As I close, why is it that both men and women at nail salons are always for the most part Asian? You have to ask. Right? But how do you ask such a question without seemingly being racist? What is gray headed American's can't grind off the sandpaper of her feet? Research needs to be done. 
L8R Aviators

The sayings we just throw away.

Who ever came up with the sayings? Like when you were a Wolf-Pup, your mom would say, " Make sure you have on clean underwear in case your in an accident" If your in an accident that requires you to have to show the contents of your BVD's they ain't going to be clean. Could we say to girls, " Make sure your pad is big enough in case you piddle in the middle?" Or, your Mom might have said," If you cross your eyes they're going to stick like that." That just wont happen. There's ton's of sayings like that the first was a plea threat by Mothers to get boys to wear clean underwear. Which even until we die, guys never keep their underwear clean, skid stains and such. 
My Mom had all kinds of sayings, being a person, who was born and raised in Southern Texas, she had some choice ones. So did my Grandma Sant, the biggest one was, " The bird that fly's to high ends up in a cow pile" Defined means when you get to thinking your all that, your going to find out how unimportant you really are. 
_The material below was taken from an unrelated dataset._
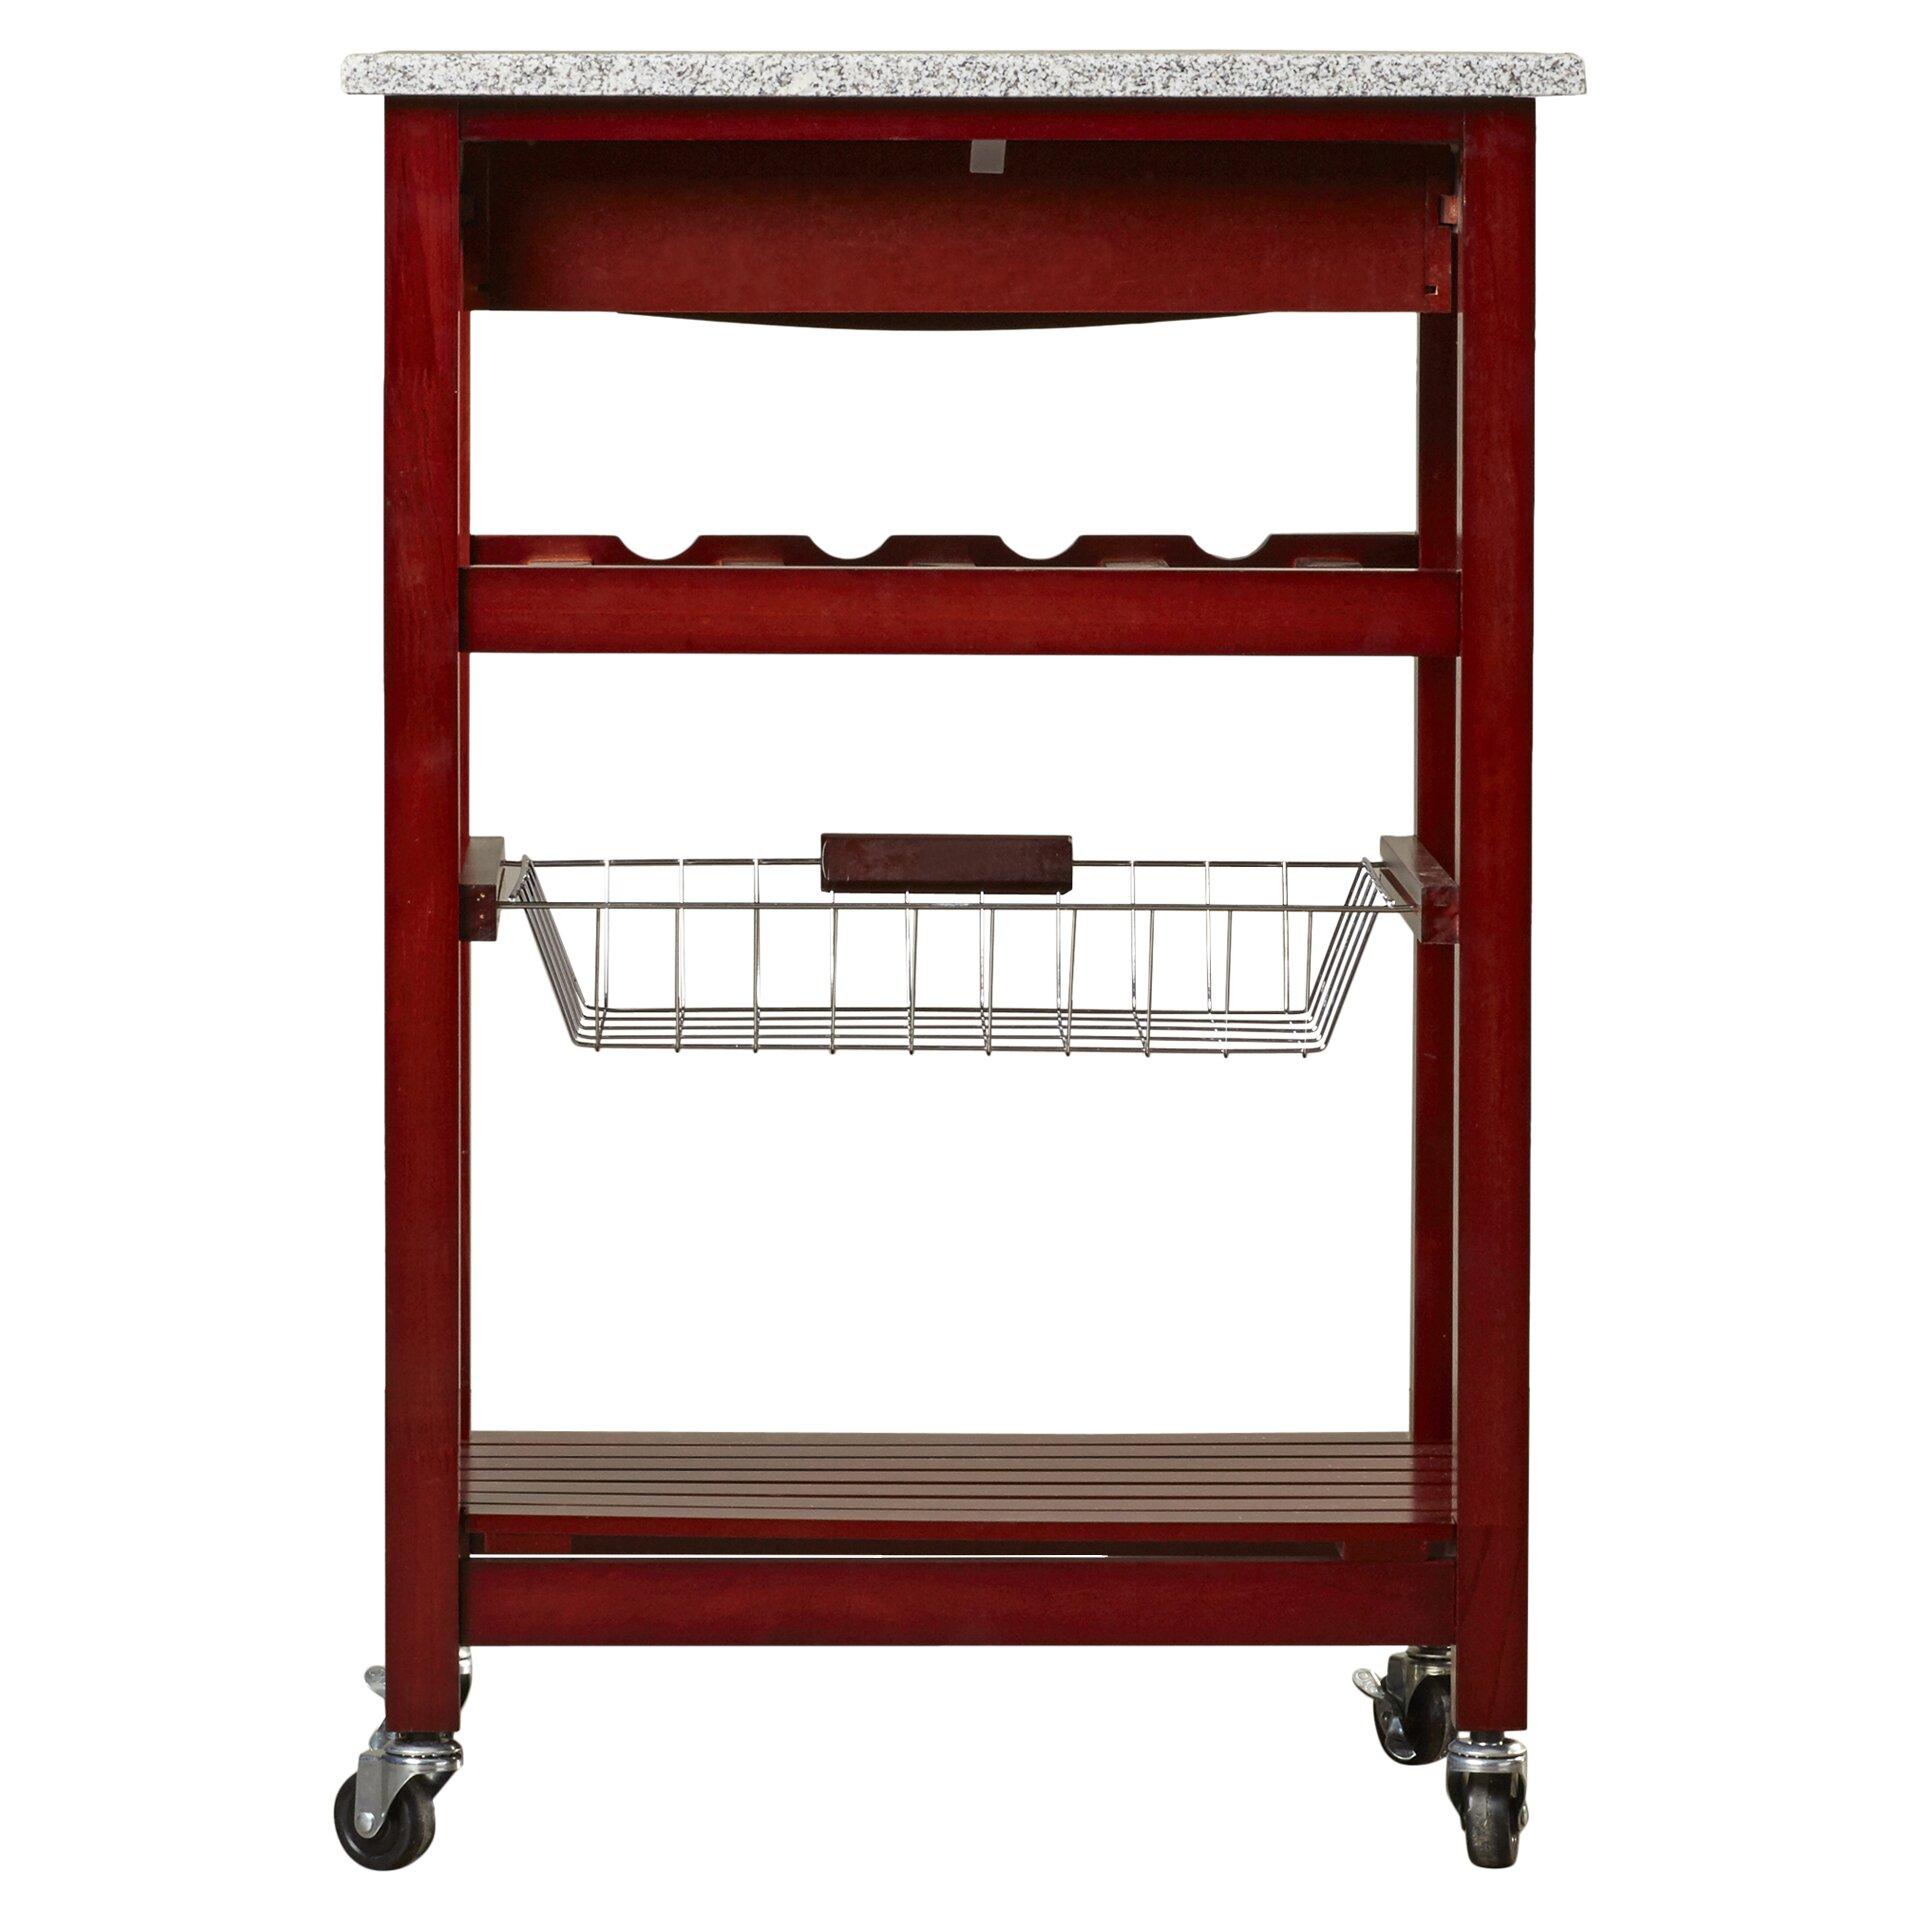 Kitchen Carts With Granite Top Varick Gallery Flint Kitchen Cart With Granite Top Reviews Wayfair
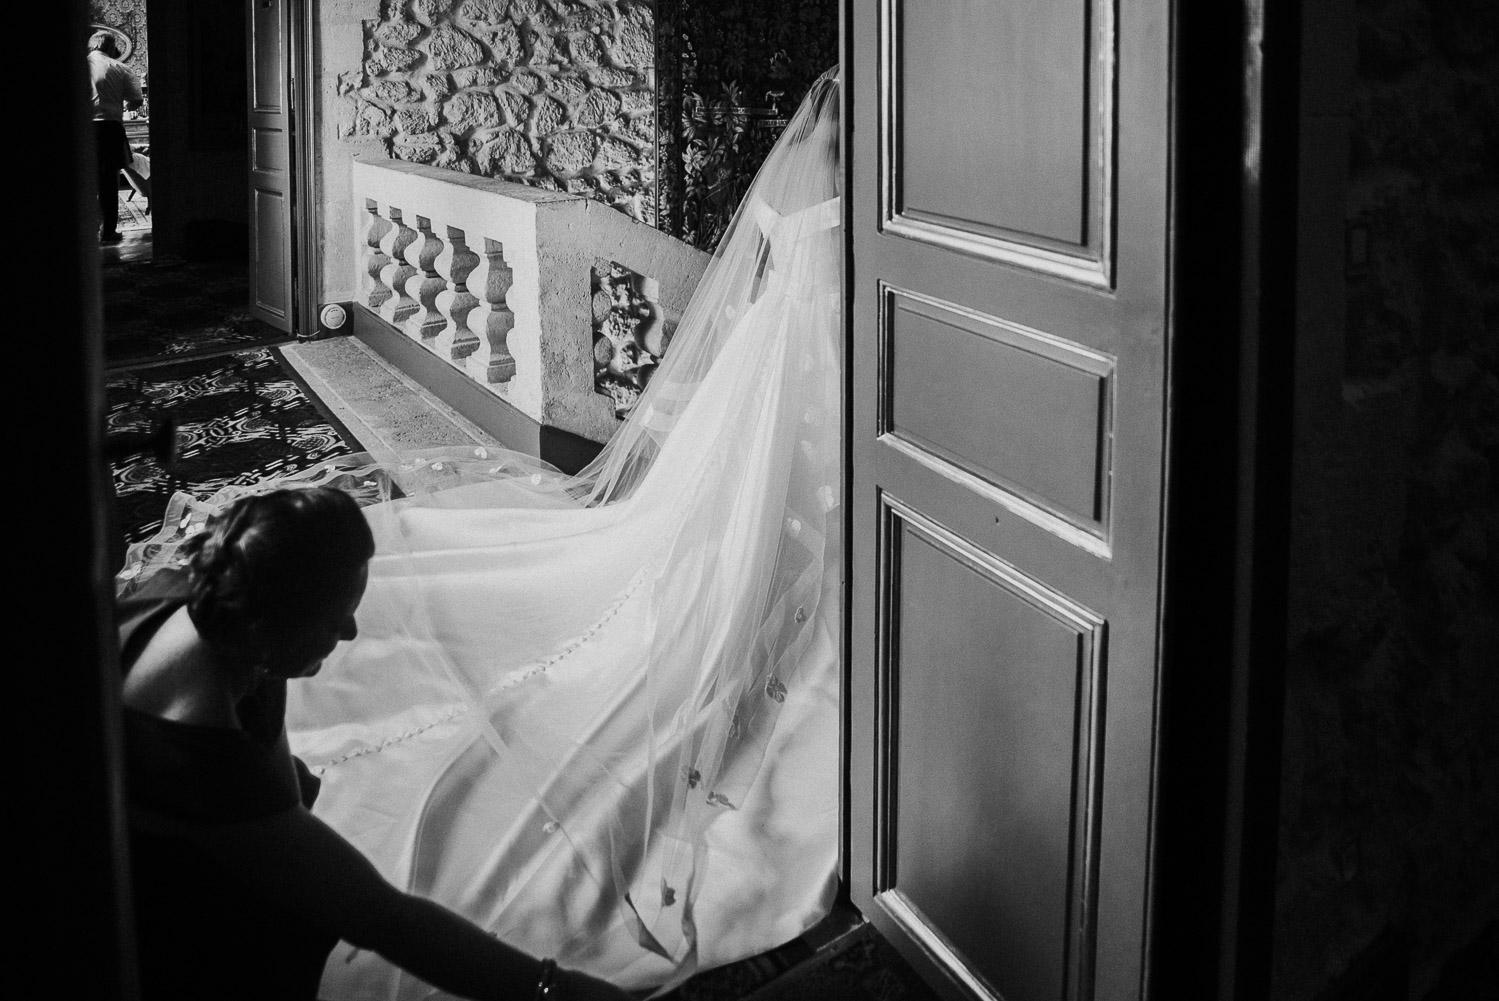 gascony_bordeaux_south_west_france_wedding_tarn_katy_webb_photography_UK49

Okay then. The WolfPack will begin meeting at Denny's in Heyburn/Burley Idaho every 1st and last Friday at 19:00 . Even if your not yet a member of the WolfPack, all we ask is you be serious about your love of vintage military aviation and aircraft aka warbirds. 
Last weekend was a battle zone, here at least on the cell phone. PoohBear was all over the place on things cheating and so on. Quite frankly if it were not for the extra money, I'd have give her the boot entirely. She and I have nothing in common, no hobbies nor interests. She is on the rag most days, and I am shopping for a sweetee. If I ever find one that looks good that puts out both twixed her legs as well as her purse, They ain't going to be no PoohBear unification.